Approximate Network Motif Mining Via Graph Learning
Oliver, Carlos, Chen, Dexiong, Mallet, Vincent, Philippopoulos, Pericles, Borgwardt, Karsten
Frequent and structurally related subgraphs, also known as network motifs, are valuable features of many graph datasets. However, the high computational complexity of identifying motif sets in arbitrary datasets (motif mining) has limited their use in many real-world datasets. By automatically leveraging statistical properties of datasets, machine learning approaches have shown promise in several tasks with combinatorial complexity and are therefore a promising candidate for network motif mining. In this work we seek to facilitate the development of machine learning approaches aimed at motif mining. We propose a formulation of the motif mining problem as a node labelling task.

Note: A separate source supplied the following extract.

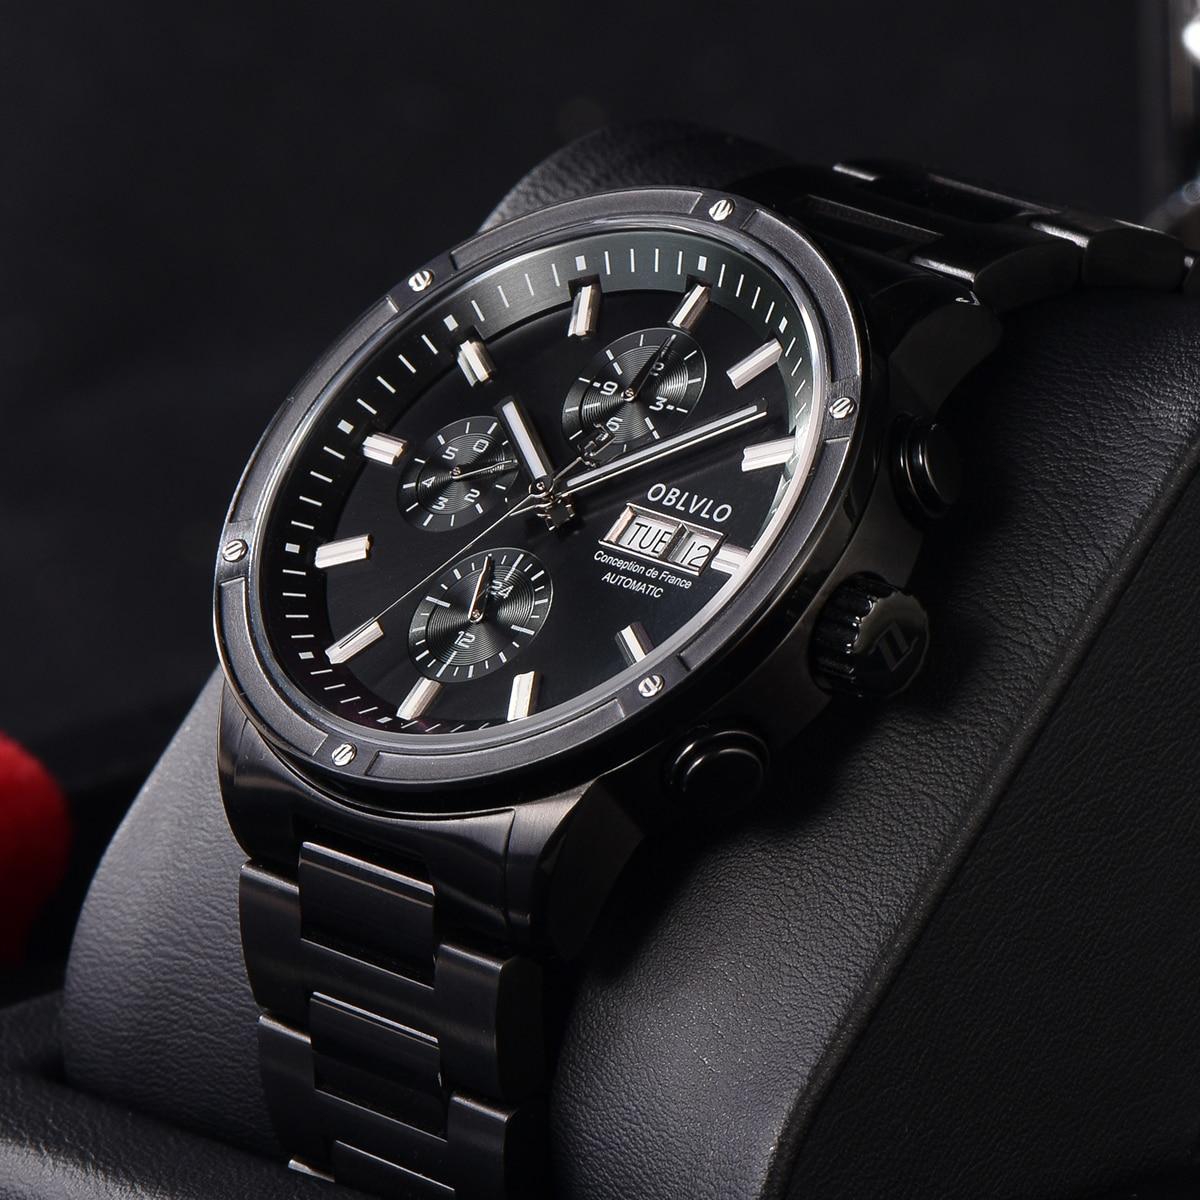 OBLVLO Men Watch Top Brand Automatic Mechanical Casual Watch All Black Date Watch Men Waterproof Rel

In addition, we build benchmark datasets and evaluation metrics which test the ability of models to capture different aspects of motif discovery such as motif number, size, topology, and scarcity. Next, we propose MotiFiesta, a first attempt at solving this problem in a fully differentiable manner with promising results on challenging baselines. Finally, we demonstrate through MotiFiesta that this learning setting can be applied simultaneously to general-purpose data mining and interpretable feature extraction for graph classification tasks.